Database: Snowflake
DBT to generate the SQL model.
I have a column in a table that contains the list of product ids owned by user.
Table: users
user_id | name |
---|---|
u1 | user 1 |
u2 | user 2 |
Table: products
product_id | product_name |
---|---|
1 | A |
2 | B |
3 | C |
Table: user_attributes
date | user_id | product_list |
---|---|---|
2024-12-01 | u1 | 1,2,3 |
2024-12-01 | u2 | 2,3,4 |
2024-12-02 | u1 | 2,3 |
2024-12-02 | u2 | 2,3,4 |
Now, I want to return the product names owned by user.
Expected output:
date | user_id | product_names |
---|---|---|
2024-12-01 | u1 | A,B,C |
2024-12-01 | u2 | B,C,D |
I tried this but getting an error
Unsupported subquery type cannot be evaluated
select
*, product_list,
(select listagg(product_name, ',')
from products
where product_id in (select value
from table(split_to_table(product_list, ',')))) as product_names
from
users_attributes ua
left join
users u on ua.user_id = u.user_id
When I tried by hardcoding the product_list
in subquery, it works executes but of course that is not what I want.
select
*, product_list,
(select listagg(product_name, ',')
from products
where product_id in (select value
from table(split_to_table('1,2', ',')))) as product_names
from
users u
left join
user_attributes ua on u.user_id = ua.user_id
3
LATERAL split_to_table
to split the product lists into rows.- Then we get a distinct list of product ids based on date and user_id
- And then those are joined iwth product table to get product names.
LISTAGG
will then convert the rows to comma separated values.
Query
WITH expanded_products AS (
SELECT
ua.date,
ua.user_id,
TO_NUMBER(split_value.value) AS product_id
FROM
user_attributes ua,
LATERAL split_to_table(ua.product_list, ',') AS split_value
)
SELECT
ep.date,
ep.user_id,
LISTAGG(p.product_name, ',') WITHIN GROUP (ORDER BY p.product_name) AS product_names
FROM
(SELECT DISTINCT date, user_id, product_id FROM expanded_products) ep
JOIN
products p ON p.product_id = ep.product_id
GROUP BY
ep.date, ep.user_id
ORDER BY
ep.date, ep.user_id;
Output
I tried this out with a CTE and found a way to get you the result you needed.
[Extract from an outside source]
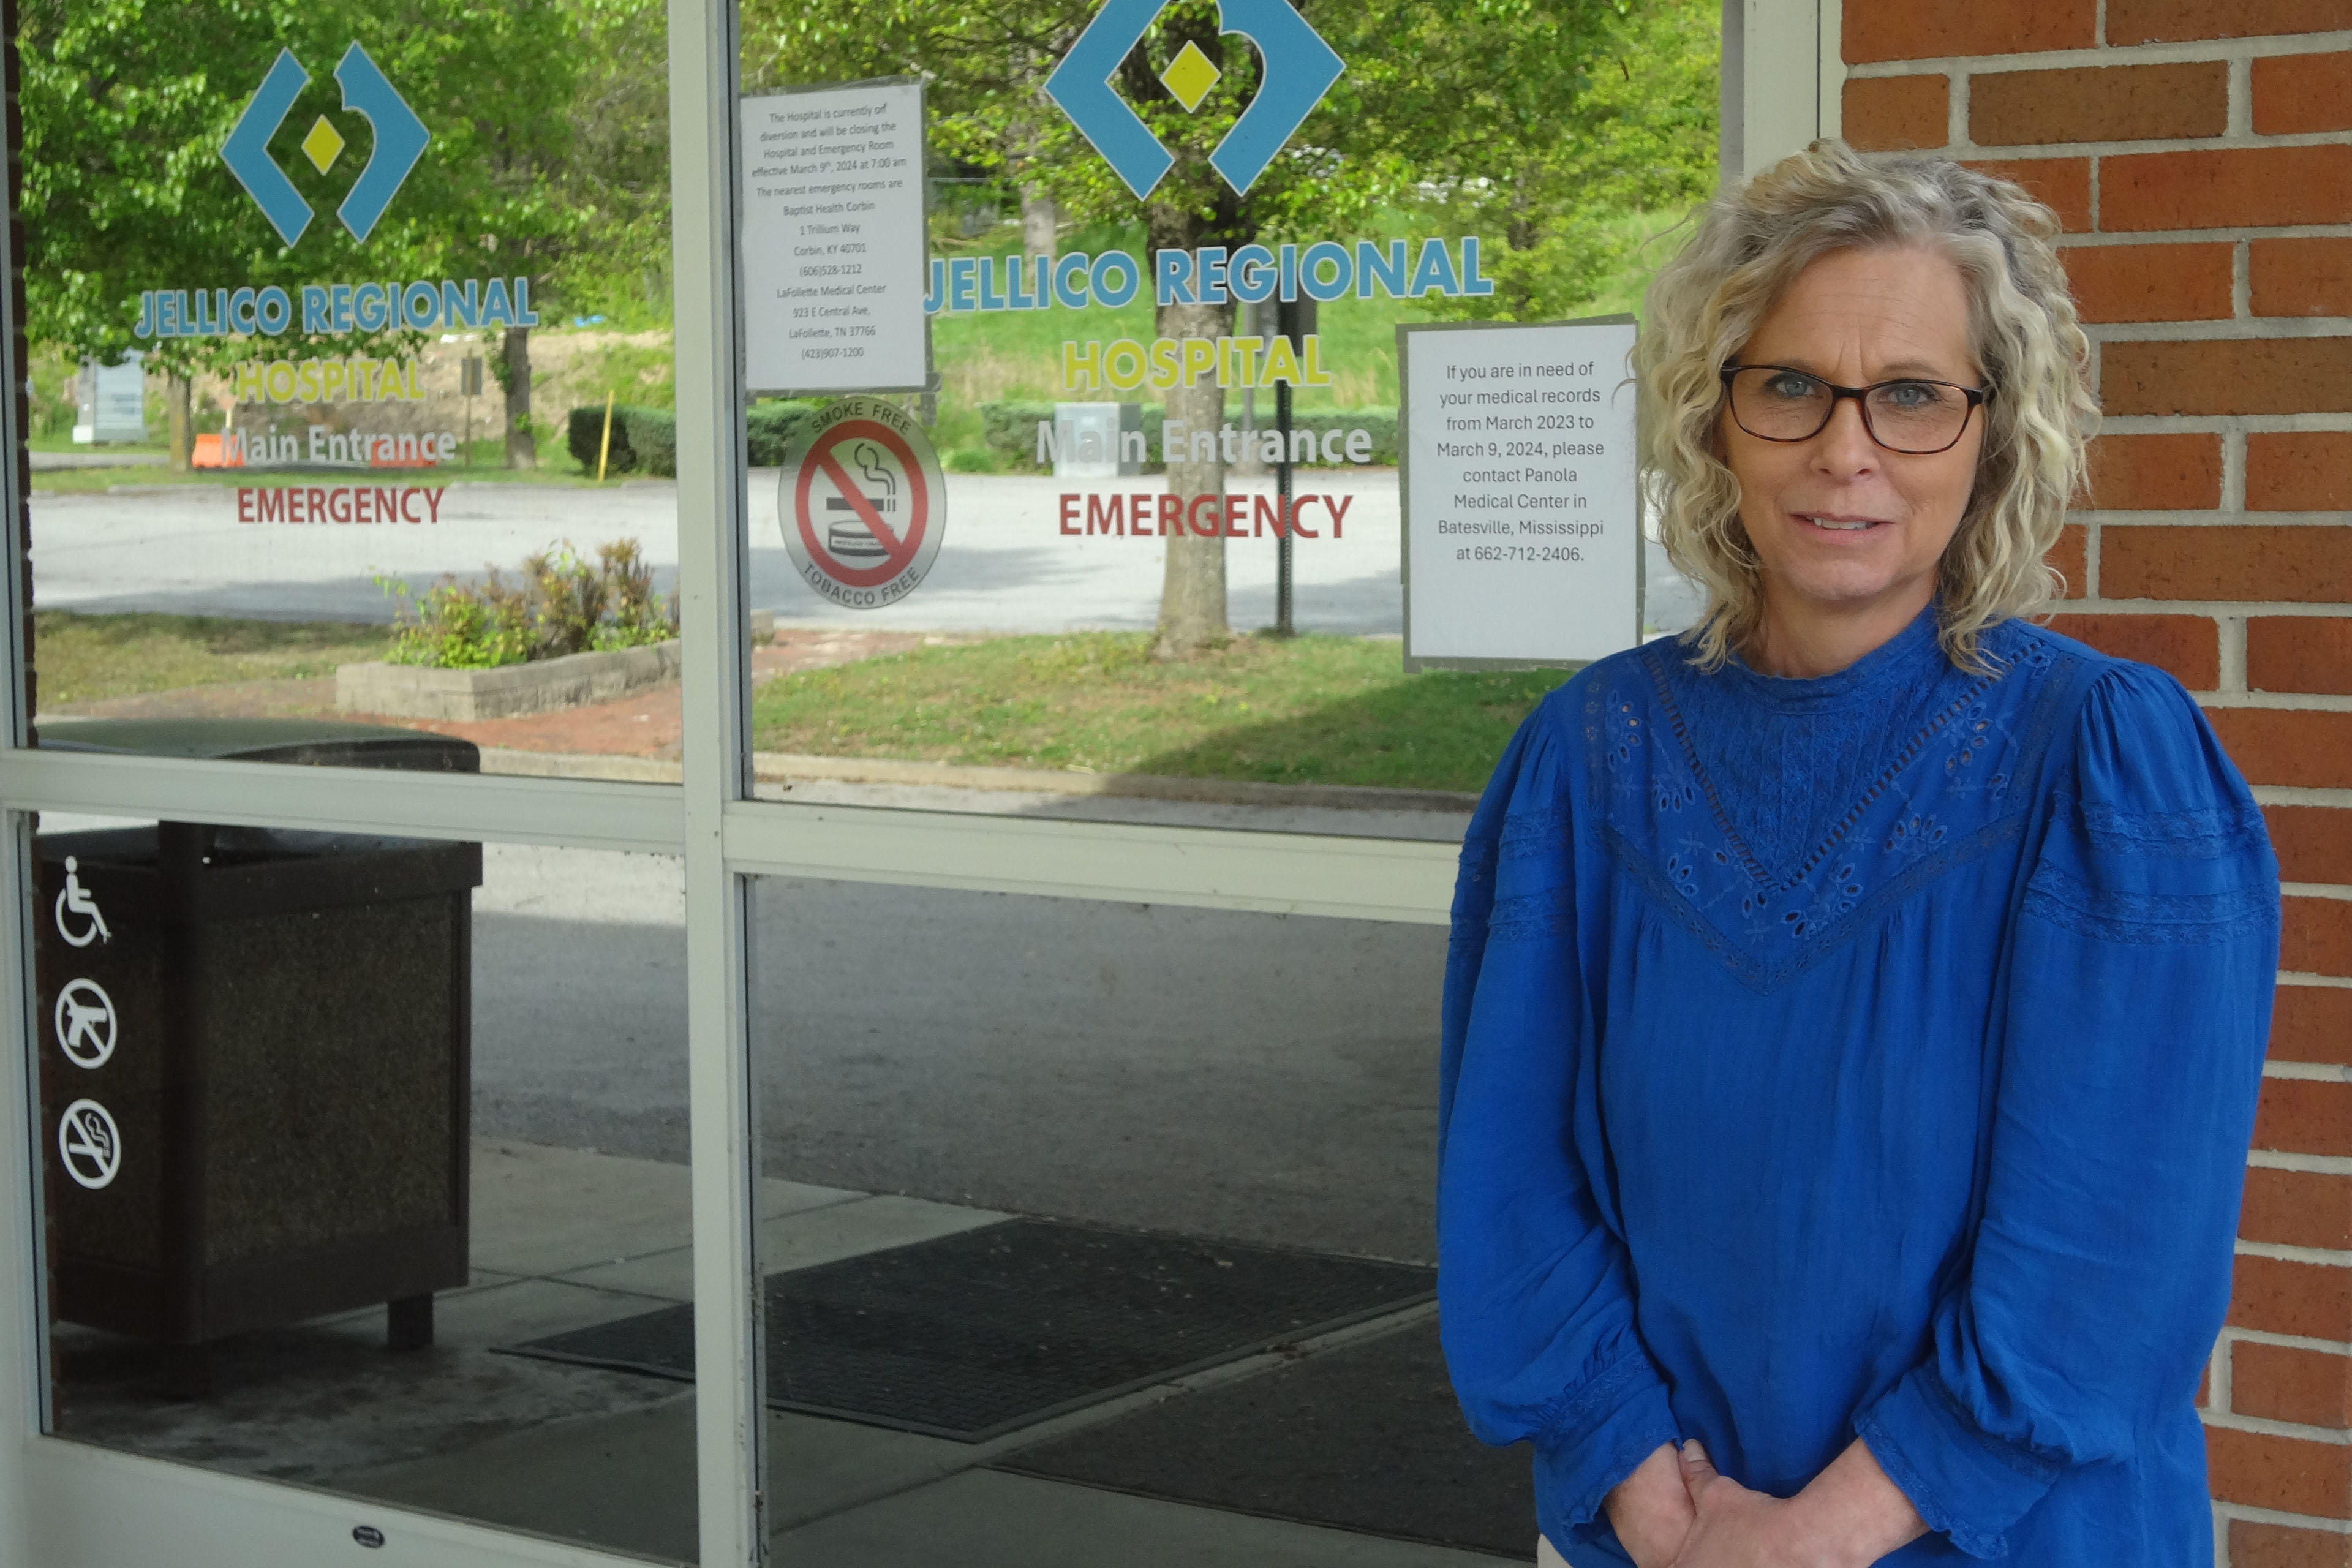 تقف ساندي تيري، التي ترتدي بلوزة زرقاء زاهية، بجانب الأبواب الزجاجية التي تمثل مدخل مركز جيليكو الطبي السابق.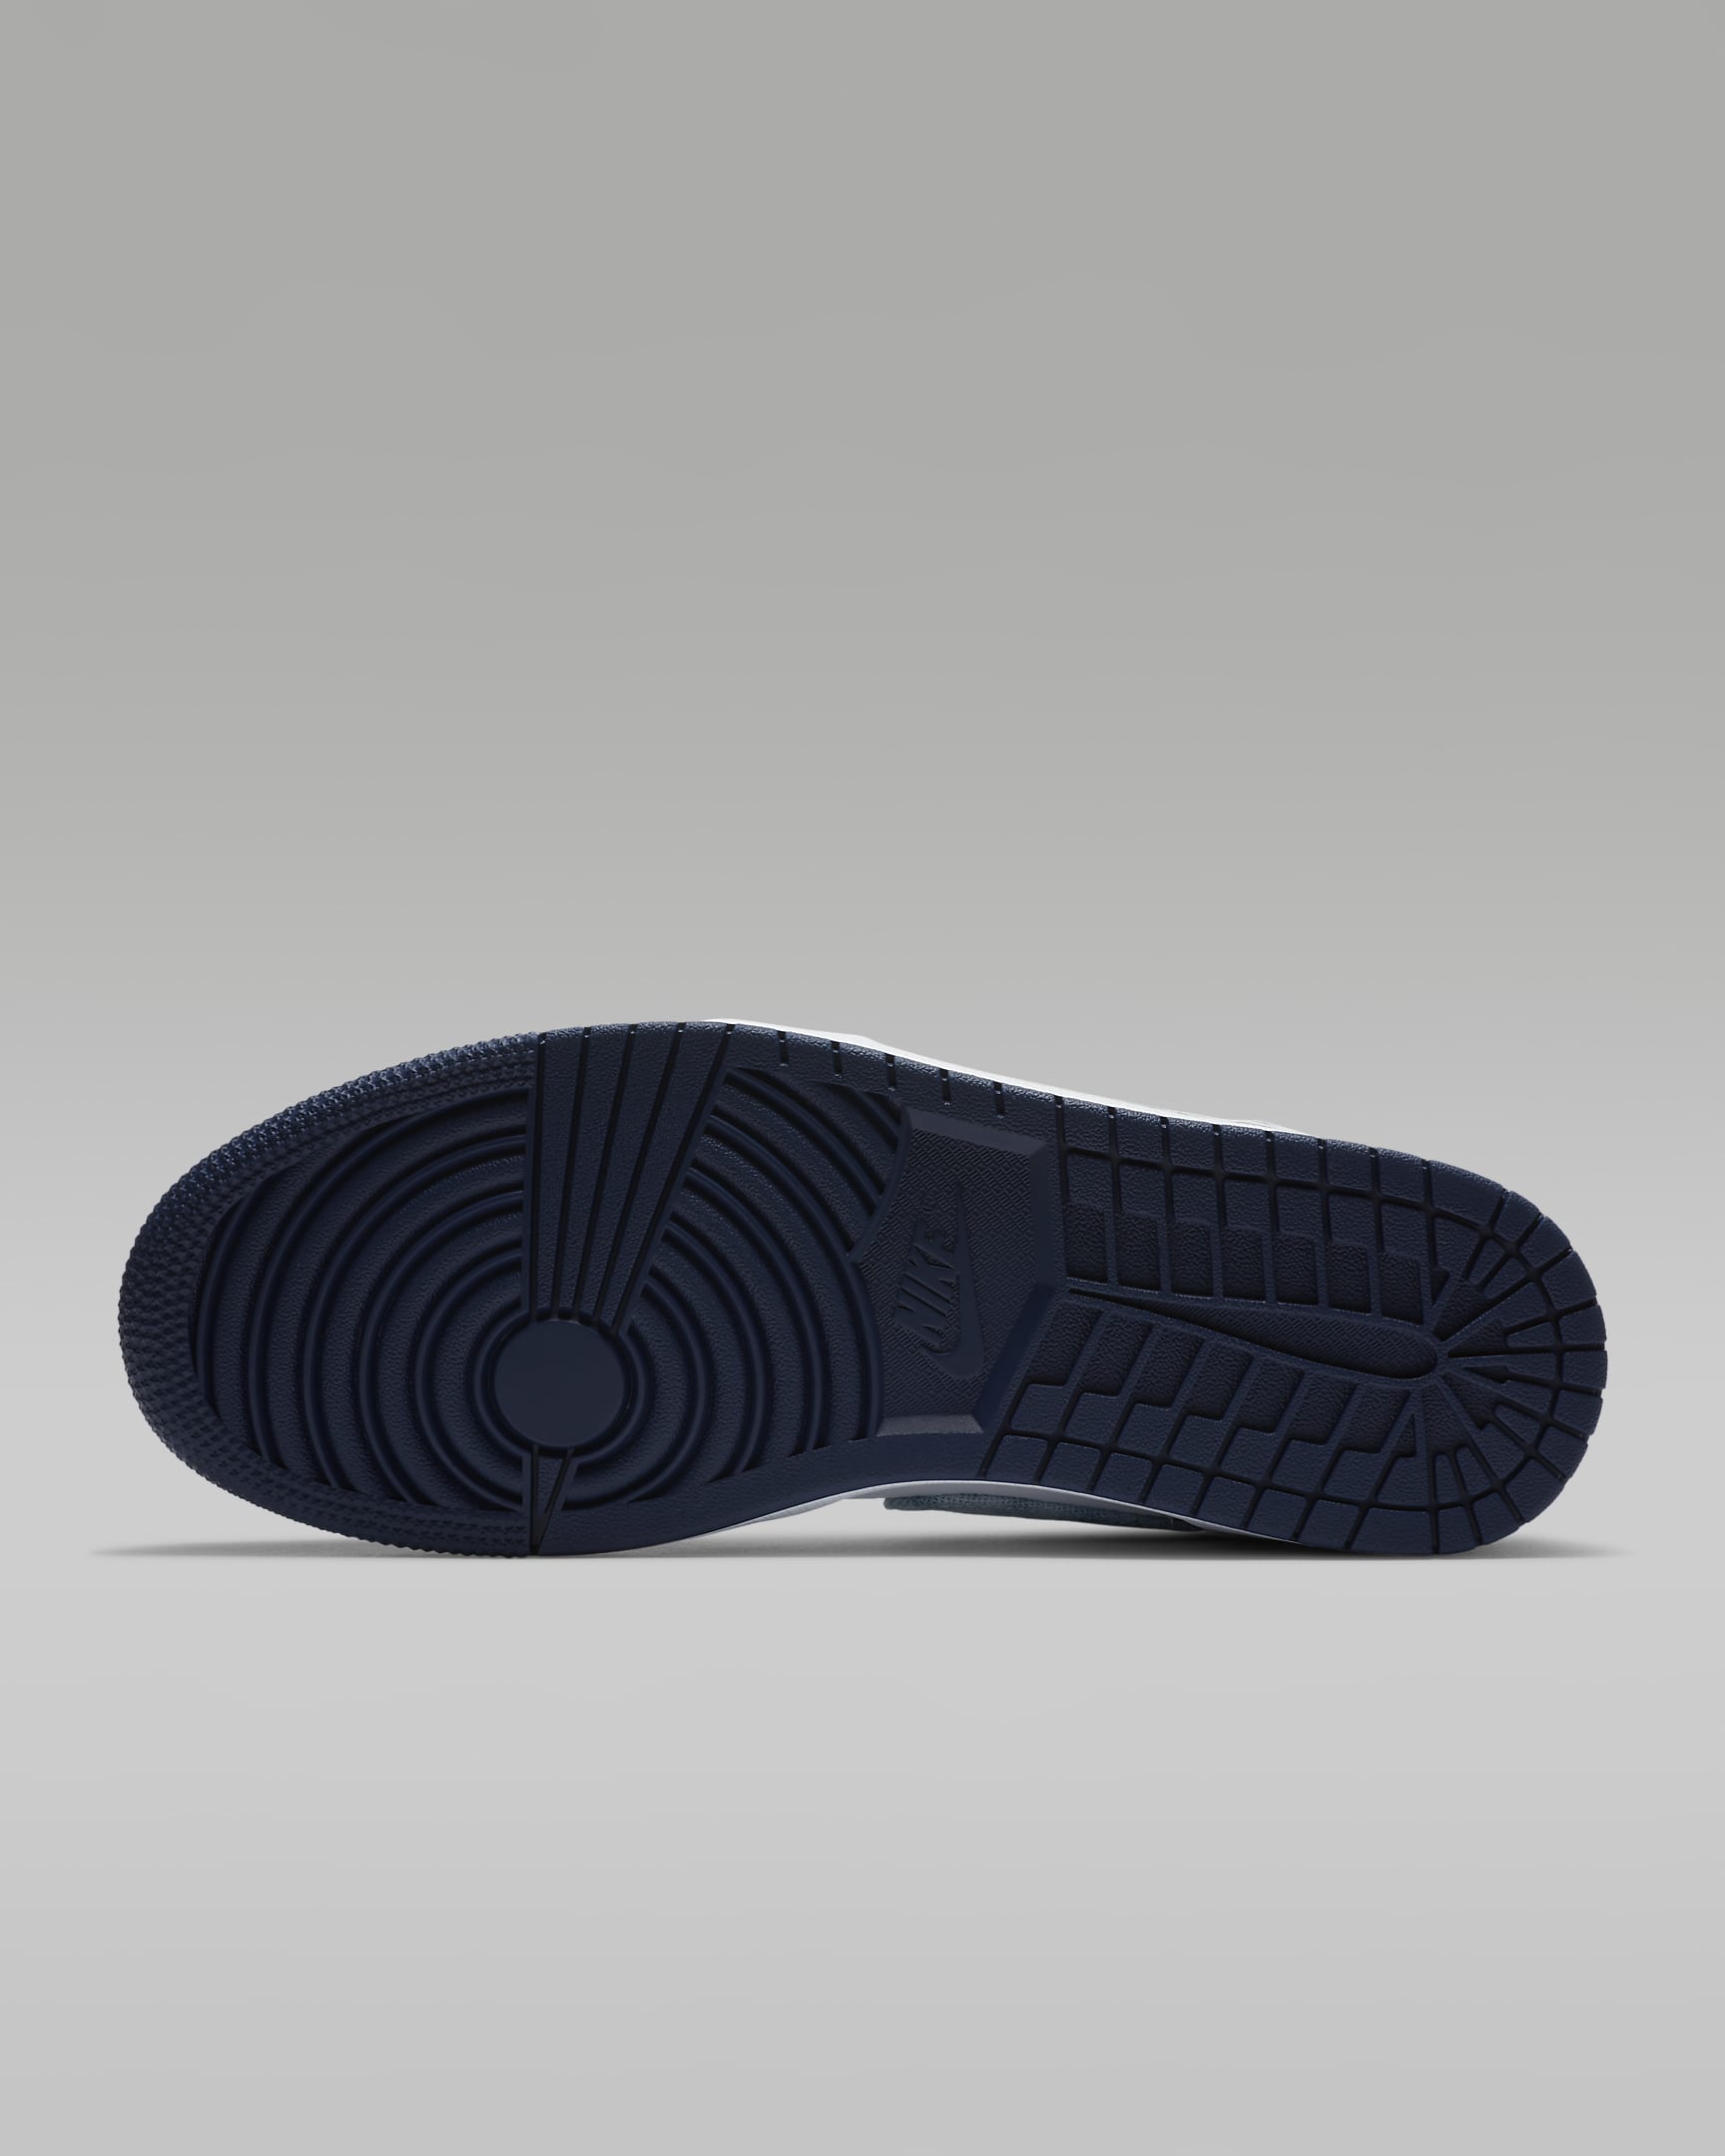 Air Jordan 1 Low SE Men's Shoes. Nike HR

Basically, I unzipped that product list column, joined the attributes to the products and users, then zipped it back up again.
WITH split_attributes as (
SELECT date,
user_id,
value as product_id
FROM user_attributes, LATERAL SPLIT_TO_TABLE(product_list, ','))
SELECT
users.user_id,
users.name,
split_attributes.date,
LISTAGG(products.product_name,',') AS product_names
FROM users
LEFT JOIN split_attributes
ON split_attributes.user_id = users.user_id
LEFT JOIN products
ON split_attributes.product_id = products.product_id
GROUP BY split_attributes.date, users.user_id, users.user_id;
A slightly improved and readable approach similar to using UDF. Product ID enriched using the UDF. As the comments mentioned, storing a list of items in an array is better than a comma-separated string.
CREATE OR REPLACE FUNCTION product_name_mapping(product_list string)
RETURNS STRING
AS
$$
SELECT
LISTAGG(product_name, ',')
FROM products
WHERE ARRAY_CONTAINS(CAST(product_id AS STRING)::variant, STRTOK_TO_ARRAY(product_list, ','))
$$
;
select
date,
user_id,
product_name_mapping(product_list) as product_names
from user_attributes ua;